How to process the relationship between the left and right viewpoints of the stereoscopic image is a key to the quality evaluation of the stereoscopic image, and the above documents can be roughly classified into two categories with respect to the processing modes of the left and right viewpoints. Documents [5-6] [10-12] first process the left and right viewpoints separately, and then fuse the features of the two viewpoints in view of binocular fusion and binocular competition mechanisms. Document 7-9] [13] first fuses the left and right viewpoints into a fused image, and then processes the fused image. In fact, in the human visual cortex, the fusion of left and right views is a long-term process, with fusion and processing occurring simultaneously, and the left and right views are layered and fused [16 ]. Therefore, the binocular fusion convolutional neural network is adopted, the two views are fused for four times through four concat, and long-term fusion of visual cortex and information processing are simulated.
Disclosure of Invention
In order to solve the problems of the prior art, the invention provides a sparse binocular fusion convolutional neural network for stereo image quality evaluation; and a convolutional neural network is adopted to evaluate the quality of the stereo image, so that manual feature extraction is avoided. The structured sparse regularization constraint convolutional neural network is adopted, so that the computation complexity of the network is reduced, the computation speed of the network is increased, and the network performance is improved; the binocular fusion and binocular competition mechanism of human eyes are considered, the long-term fusion process of visual cortex is simulated, the left and right two viewpoints of the stereo image are fused for four times through four concat, and information is processed at the same time; the stereoscopic image quality evaluation method is more accurate and efficient, more fits human eye perception quality, has higher operation speed, and promotes the development of the stereoscopic imaging technology to a certain extent.

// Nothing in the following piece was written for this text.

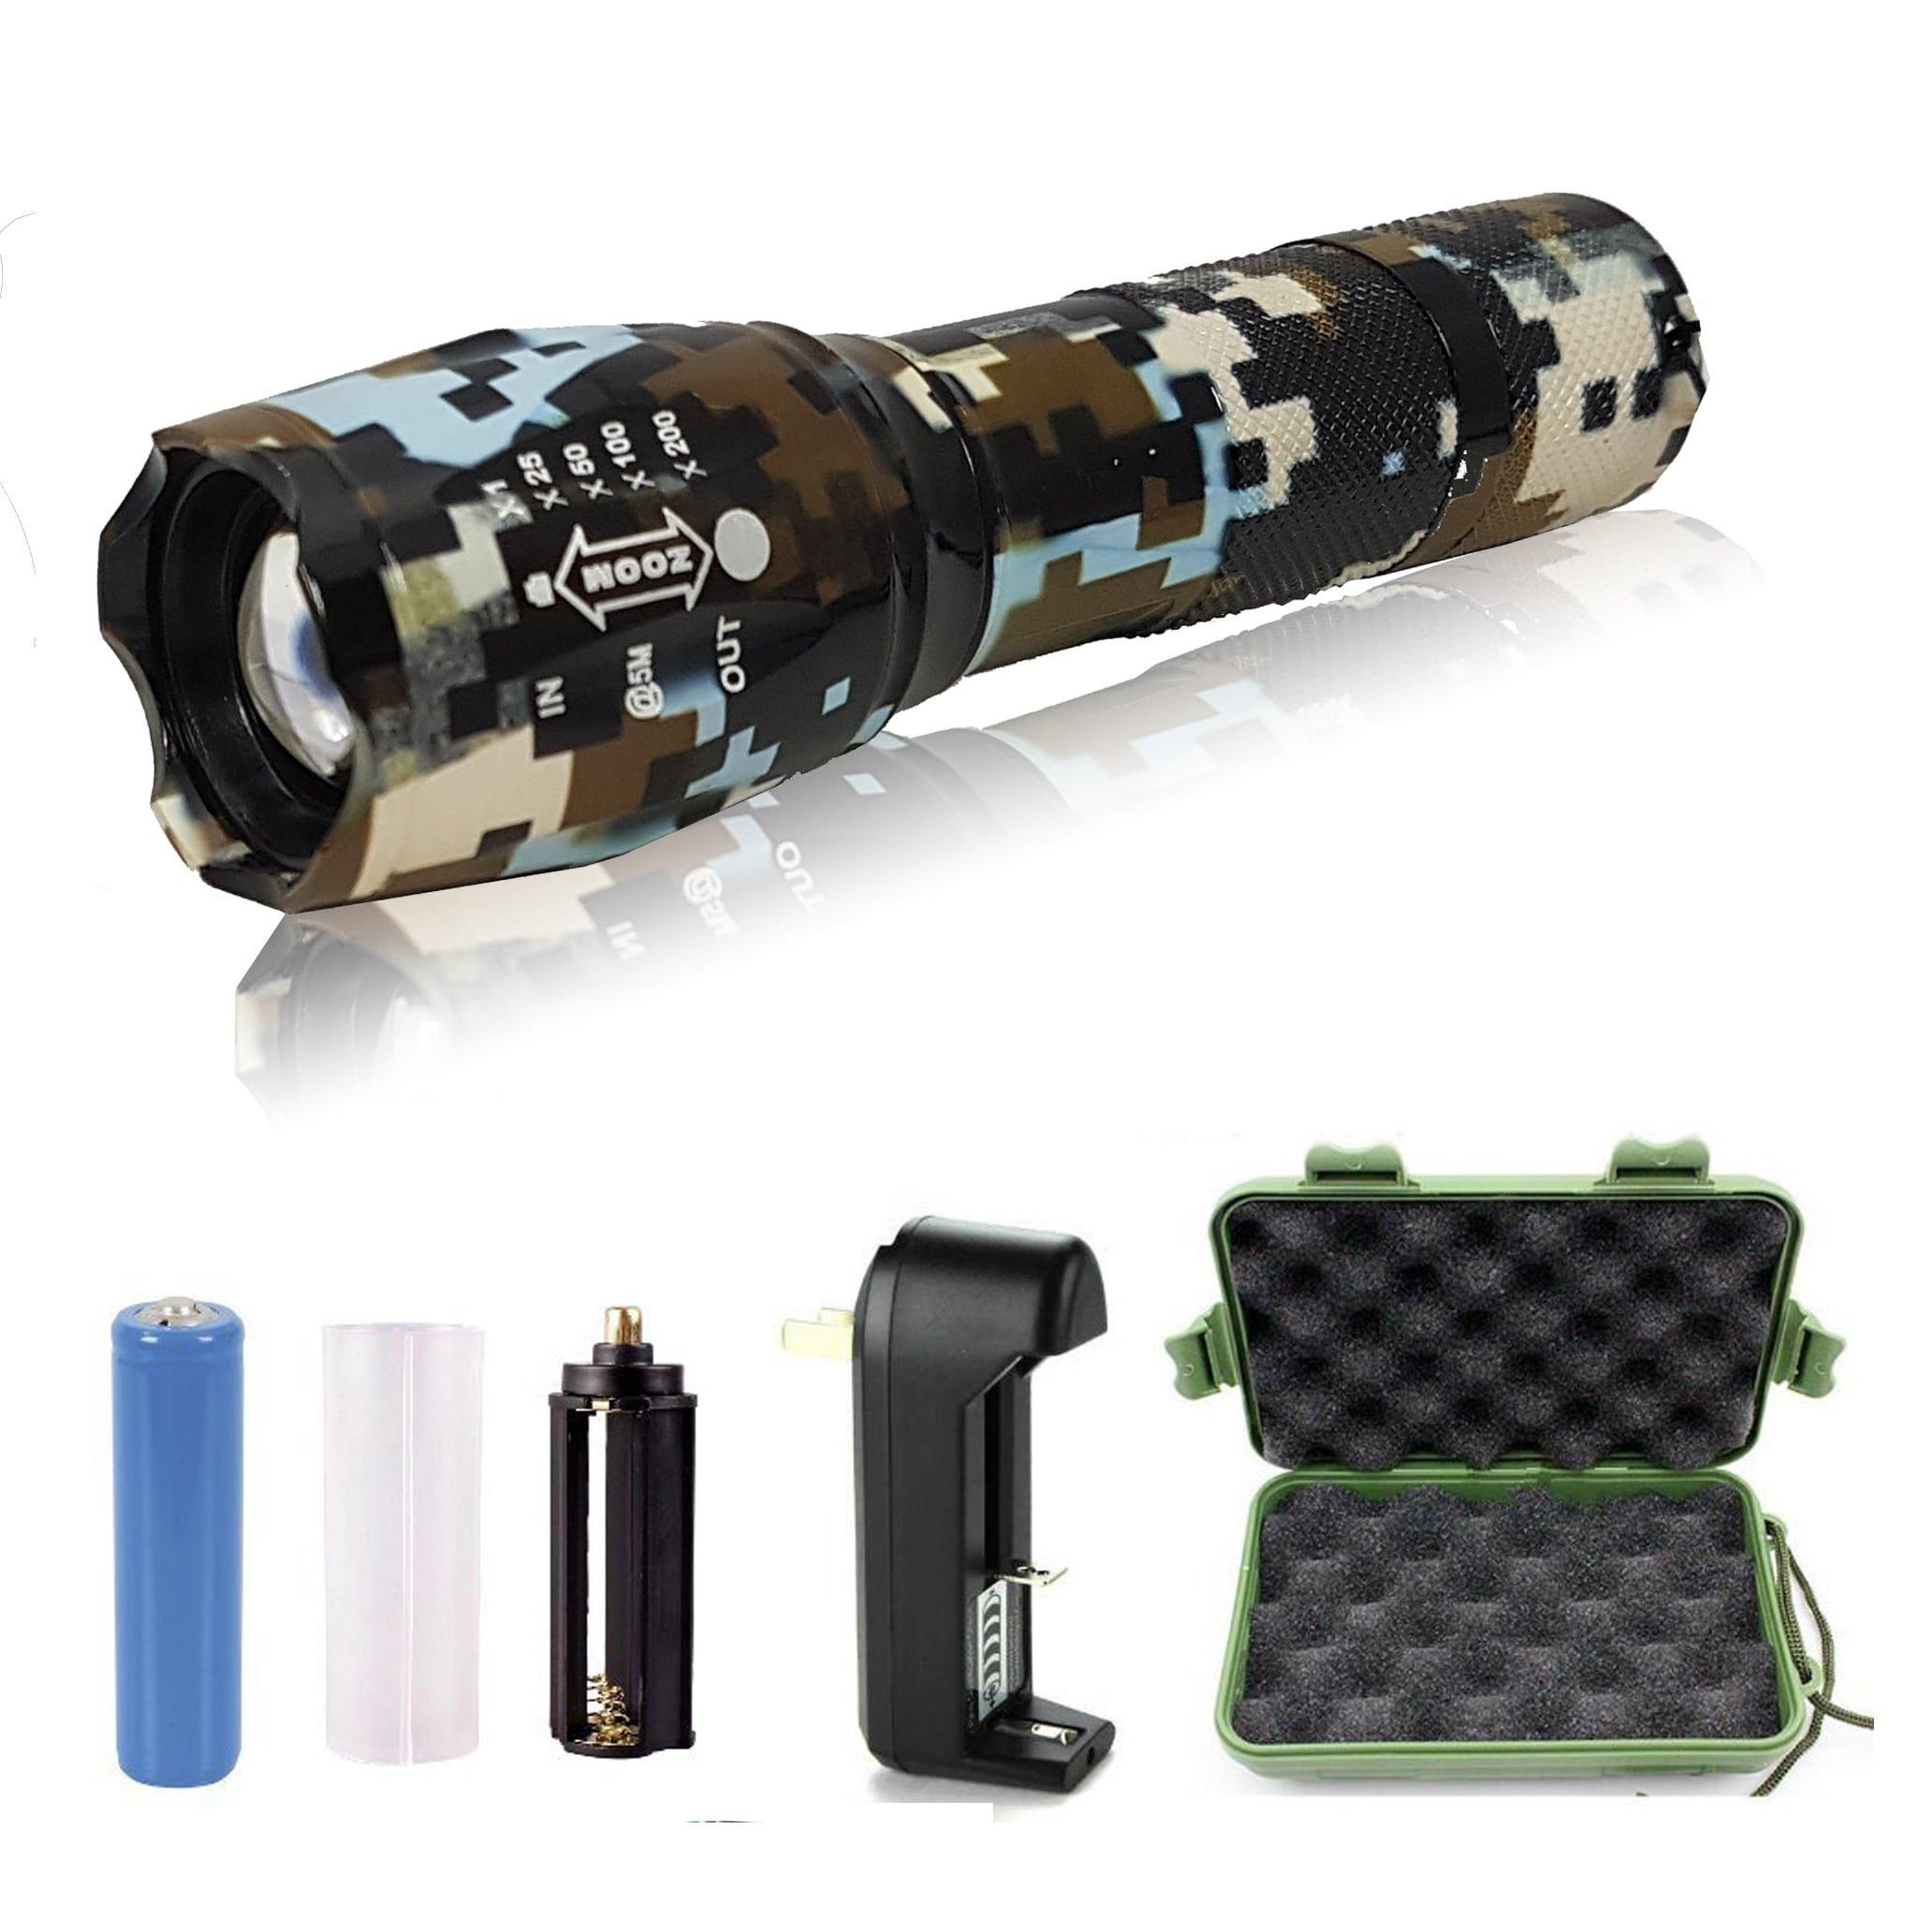 5starsuperdeals Rechargable Plastic/Aluminum 5-mode, Adjustable-focus, Ultra-bright LED Flashlight Kit Camo Dark Brown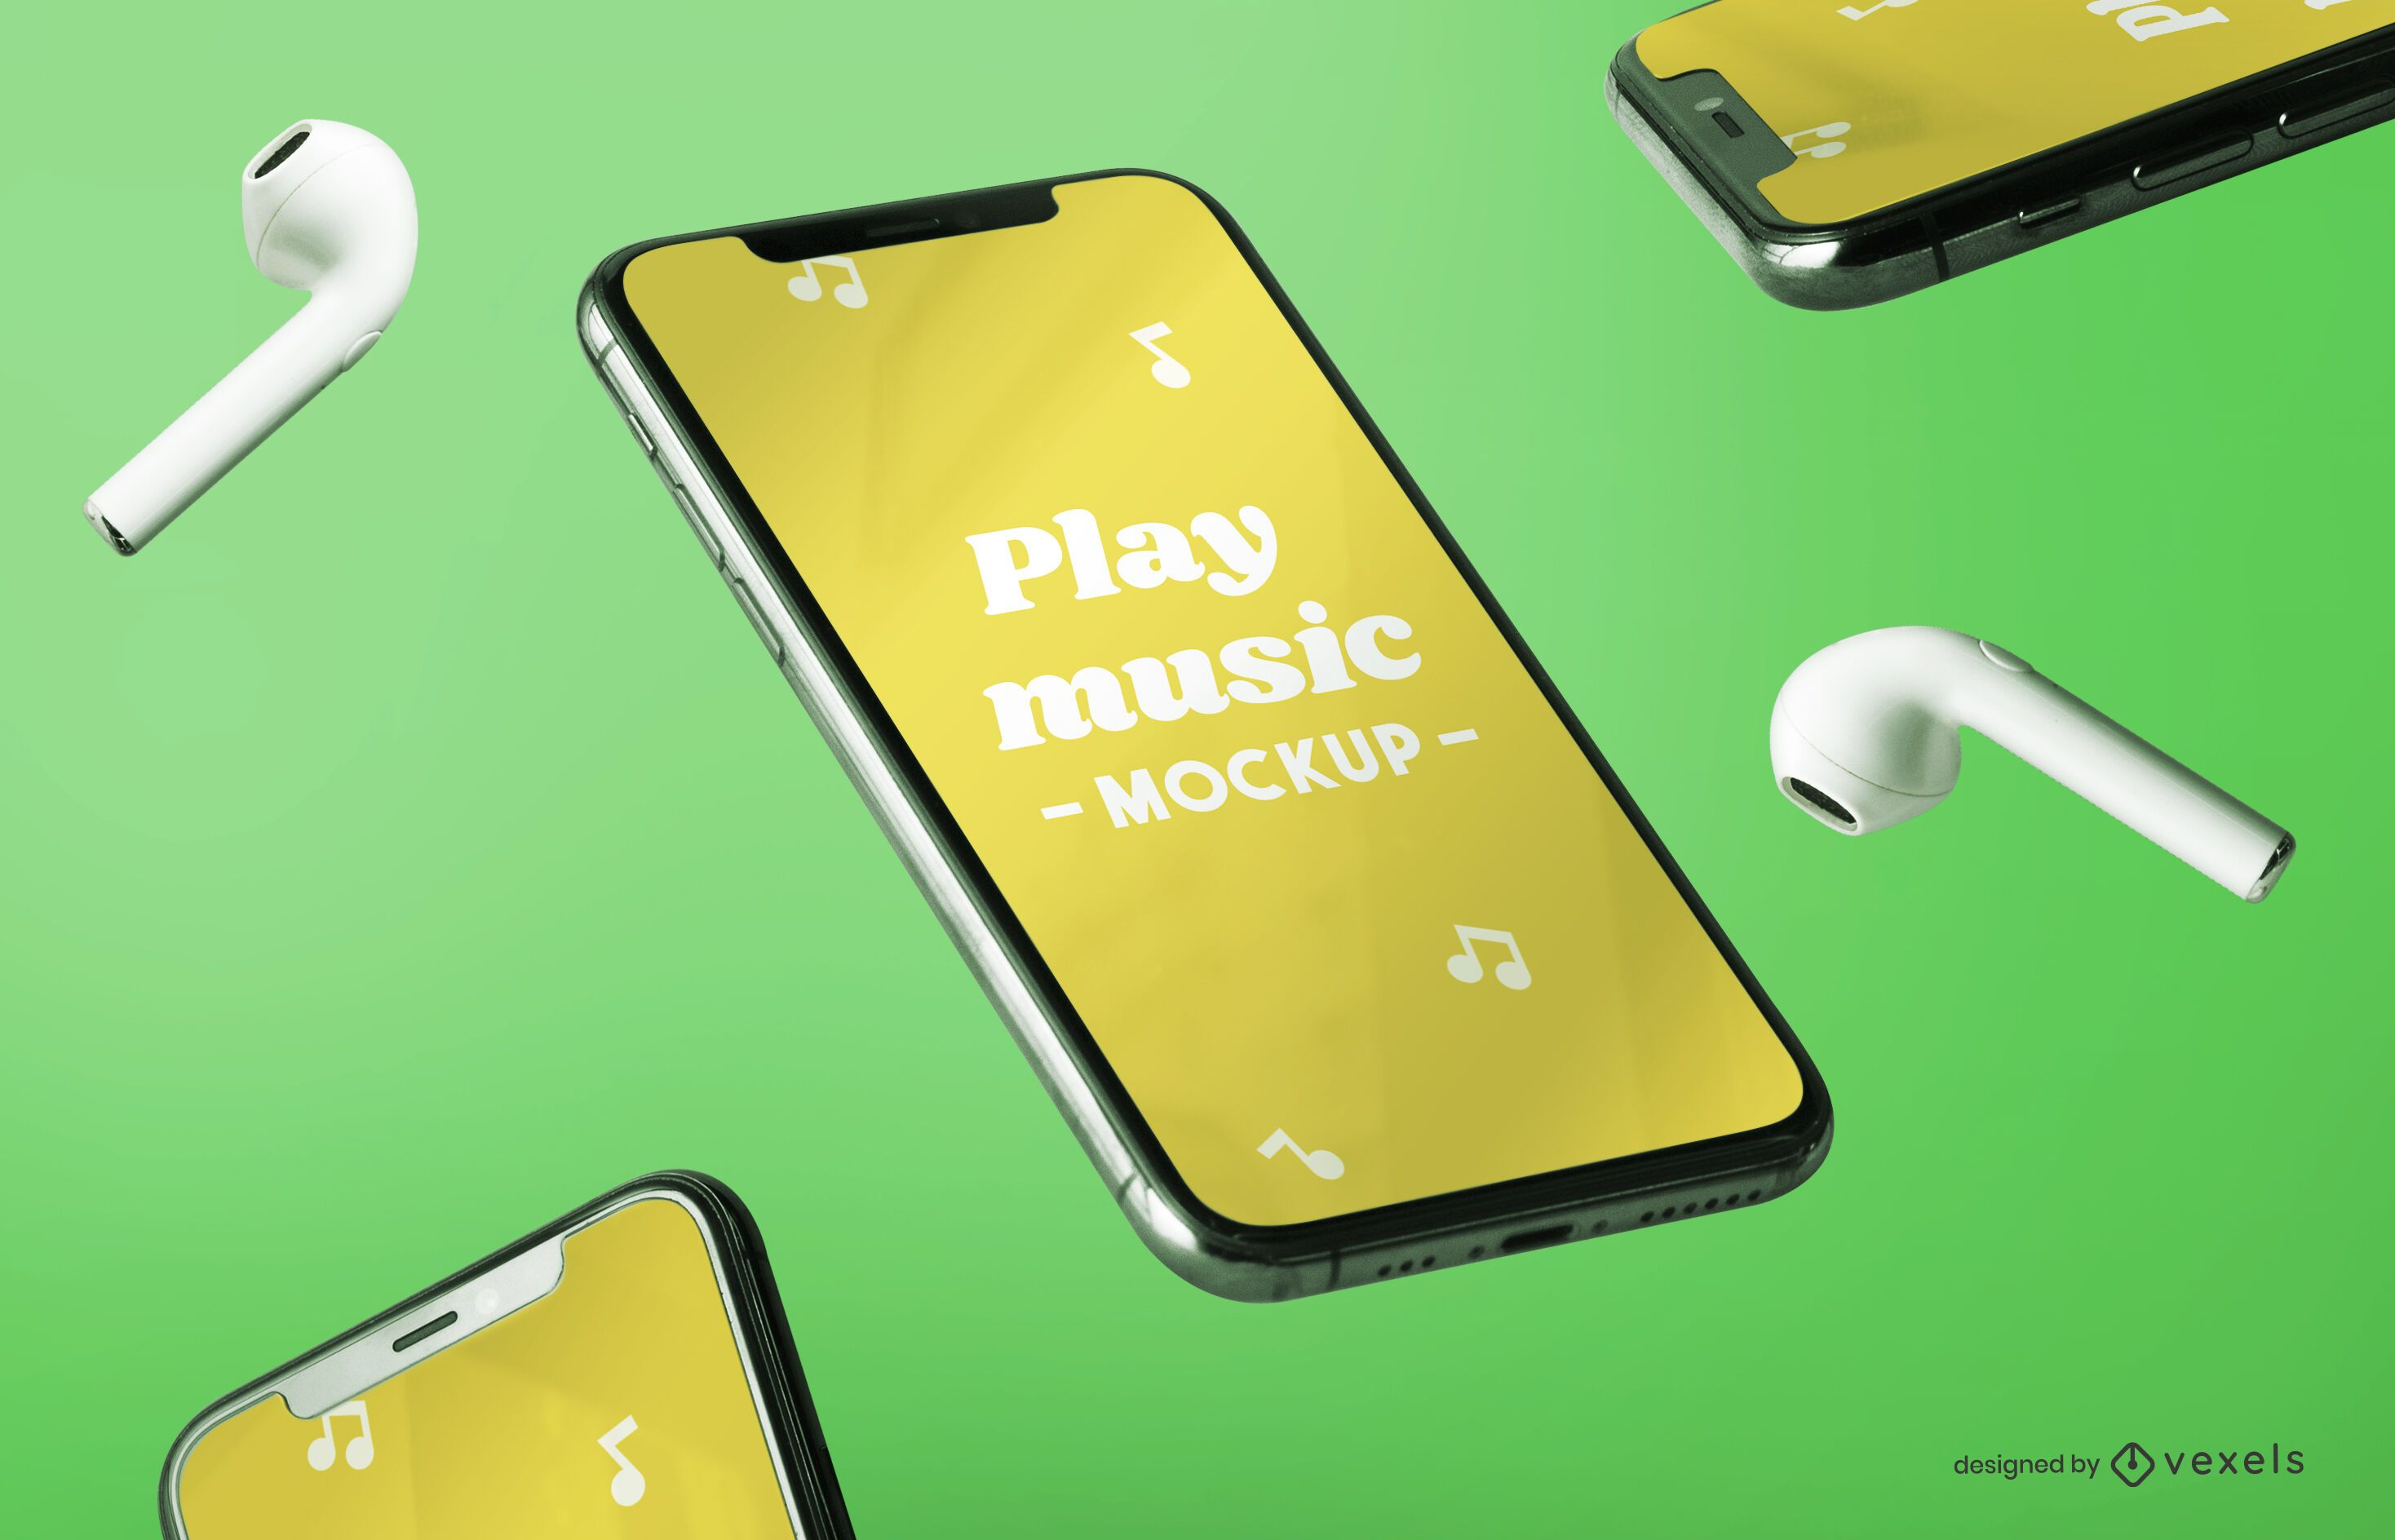 Iphone Musik Modell Komposition

The invention solves the problems in the prior art and is implemented by adopting the following technical scheme:
1. a stereo image quality evaluation method based on a sparse binocular fusion convolutional neural network is characterized by comprising the following steps:
s1, constructing a stereo image quality evaluation network based on a binocular fusion convolutional neural network, wherein the network comprises a left branch, a right branch and a fusion branch;
s2, applying a structured sparse constraint on each layer of the binocular fusion convolutional neural network, wherein the objective function of network optimization is shown as the formula (1):
wherein W represents all weights in the network; eD(W) is a loss function of the network; r (W) is an unstructured regularization constraint applied over all weights; rg(W(l)) The constraint is sparsely regularized for application to each layer.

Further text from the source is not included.